Although industry leaders and advocates report Medicare's new home health PPS brought relief to the sector through predictable reimbursement rates, they argue that a 15% Medicare cut specifically aimed at home health and scheduled to take effect Oct. 1 will cause long-term problems. The Balanced Budget Act of 1997 mandated $16.2 billion in federal savings over five years, but home-care advocates say the original goal more than doubled from fiscal 1998 to 2000, growing to $35.8 billion in savings for the government.
"The PPS is a fair methodology for reimbursement and it has helped to stabilize the industry again," says Kim Herman, spokeswoman for Melville, N.Y.-based Gentiva Health Services, the largest home health provider in the industry. "But if the 15% cut is not repealed, it will be another devastating move for the industry."
James Pyles, counsel for the American Association for Homecare, Alexandria, Va., says another round of bankruptcies will be inevitable after the October cuts.
"No question about it, there's going to be many more closures," he says. "MedPAC (the Medicare Payment Advisory Commission, which makes recommendations to Congress on Medicare issues) had it right when they said in the latest recommendations to Congress that this benefit (home healthcare) really needs some stability. We need to have some time to let the PPS work, collect good cost data and then make valid adjustments. To make further cuts in this benefit blindly, without having good data, is just irresponsible health policy."
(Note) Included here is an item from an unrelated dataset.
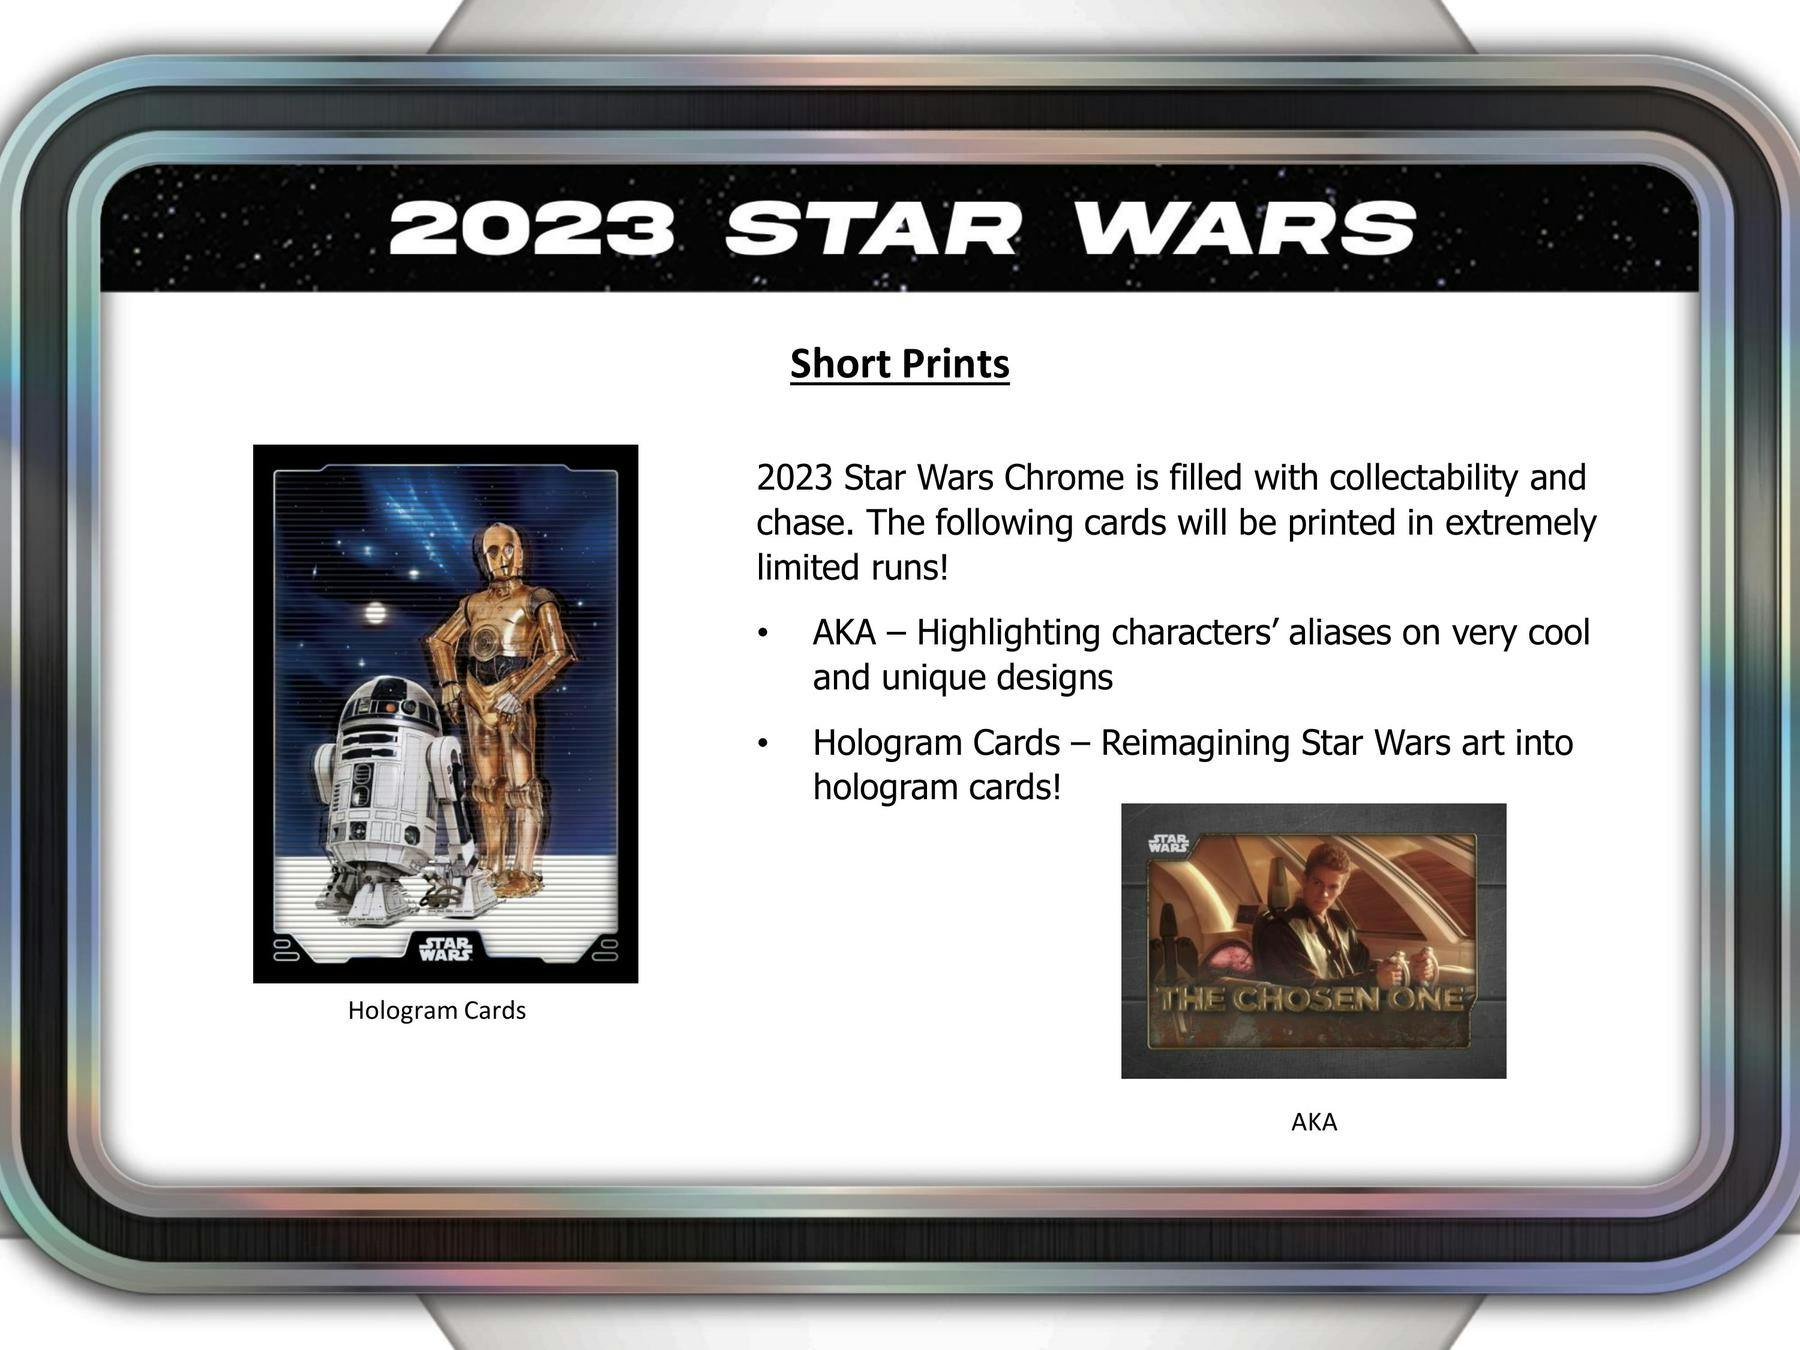 2023 Topps Star Wars Super Box

Home health survey respondents operated 11.5% more agencies in 2001, or 922 compared with 827 in 2000. Gentiva repeats its place as the largest home health provider operating 400 branches across 46 states, up nearly 25% from 321 branches in 2000. The company earned $21 million, compared with a net loss of $104 million in the previous year. Excluding special charges, the company posted a $2.8 million profit in 2000. Revenue remained roughly the same at $1.4 billion.
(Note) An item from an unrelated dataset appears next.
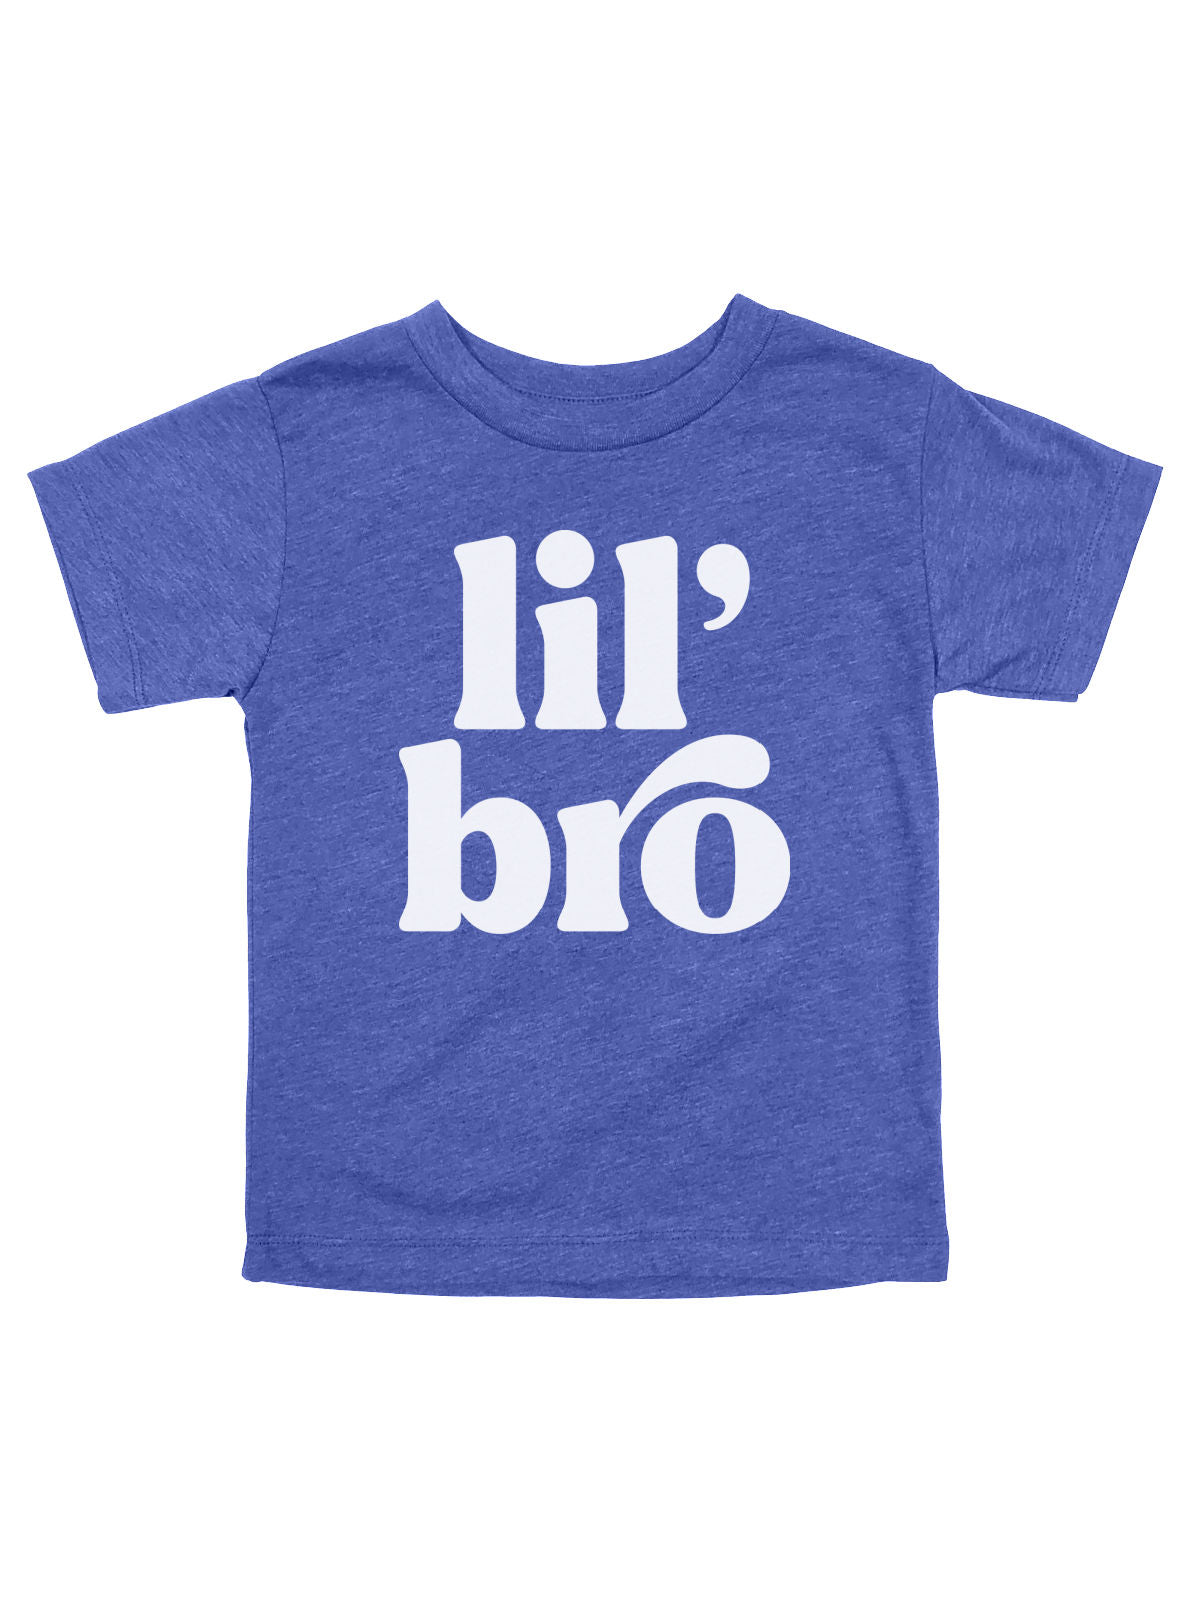 Lil Bro Baby Boy Bodysuit in Blue

Meanwhile, it was a weed-out year for the assisted-living sector. Seven of the 10 companies that answered the 2000 survey supplied net income for the year and reported earnings totaling a combined $11.6 million. Two of the four assisted-living companies that released their net income numbers for this year's survey reported a combined net income of $53.4 million, a 300% surge compared with 2000 numbers. McLean, Va.-based Sunrise Assisted Living was again the leader with 186 facilities in 2001, compared with 164 facilities in 2000. The company's net income almost doubled to $47.2 million from $24.3 million in the previous year. Revenue rose 24% to $428 million.